Therefore my first idea was to use two maps for the two kinds of lookup you need: country by ISO-3166-alpha2 and country by ISO-3166-alpha3. So instead of your single countries map, I prefer to have these two maps:

const countryByIso2 = {};
const countryByIso3 = {};

These are currently empty but will be filled soon.

function init() {
    const countryCodes = [
        ['US', 'USA'],
        ['UK', 'GBR'],
        ['CA', 'CAN'],
        ['AU', 'AUS'],
        ['PR', 'PRI'],
        ['GB', 'GBR']
    ];

    const overrides = [
        ['GB', 'UK'],
        ['CA', 'US']
    ];

    for (let country of countryCodes) {
        countryByIso2[country[0]] = country;
        countryByIso3[country[1]] = country;
    }
    for (let override of overrides) {
        let from = countryByIso2[override[0]];
        let to = countryByIso2[override[1]];
        countryByIso2[from[0]] = countryByIso2[to[0]];
        countryByIso3[from[1]] = countryByIso3[to[1]];
    }
}

init();

In this function I have removed all the unnecessary data and left just the country codes. There are two configuration sections. The first is the mapping you already know. The second are the overrides that you wrote in the if clauses of your getCountry function.

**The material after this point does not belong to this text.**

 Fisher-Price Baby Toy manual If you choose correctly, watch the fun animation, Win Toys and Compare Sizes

After the first part of the initialization, countryByIso2['CA'] contains ['CA', 'CAN']. But when the overrides are done, they overwrite the existing map entries. This means that after the initialization you can inspect the countryByIso2 object and quickly see what you will get.

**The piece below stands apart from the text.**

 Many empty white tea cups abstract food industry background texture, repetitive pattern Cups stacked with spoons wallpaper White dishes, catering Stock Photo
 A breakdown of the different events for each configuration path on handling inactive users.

What's missing is the actual lookup.

function lookupCountry(code) {
    if (!code) {
        return null;
    }
    let upperCode = code.toUpperCase();
    return countryByIso2[upperCode]
        || countryByIso3[upperCode];
}

function getCountry(i18nHeader, i18nQuery) {
    return lookupCountry(i18nHeader)
        || lookupCountry(i18nQuery)
        || countryByIso2['US'];
}

In total, this code is longer than yours, but it uses only very few and very fast operations. It is suitable for country lists of several thousand. Your code on the other hand walks through all entries (lookupCountry) and takes a long time when the data grows.

There's another difference. If i18nHeader is set to some unknown value, your code returns undefined while my code returns the US country codes.


The next topic is putting your code into its own namespace. After the above definitions, all parts of the code (even those you didn't write) can access the init function, the countryByIso2 tables, the lookupCountry function. But these are meant to be internal to your code and should not be seen by any unrelated code.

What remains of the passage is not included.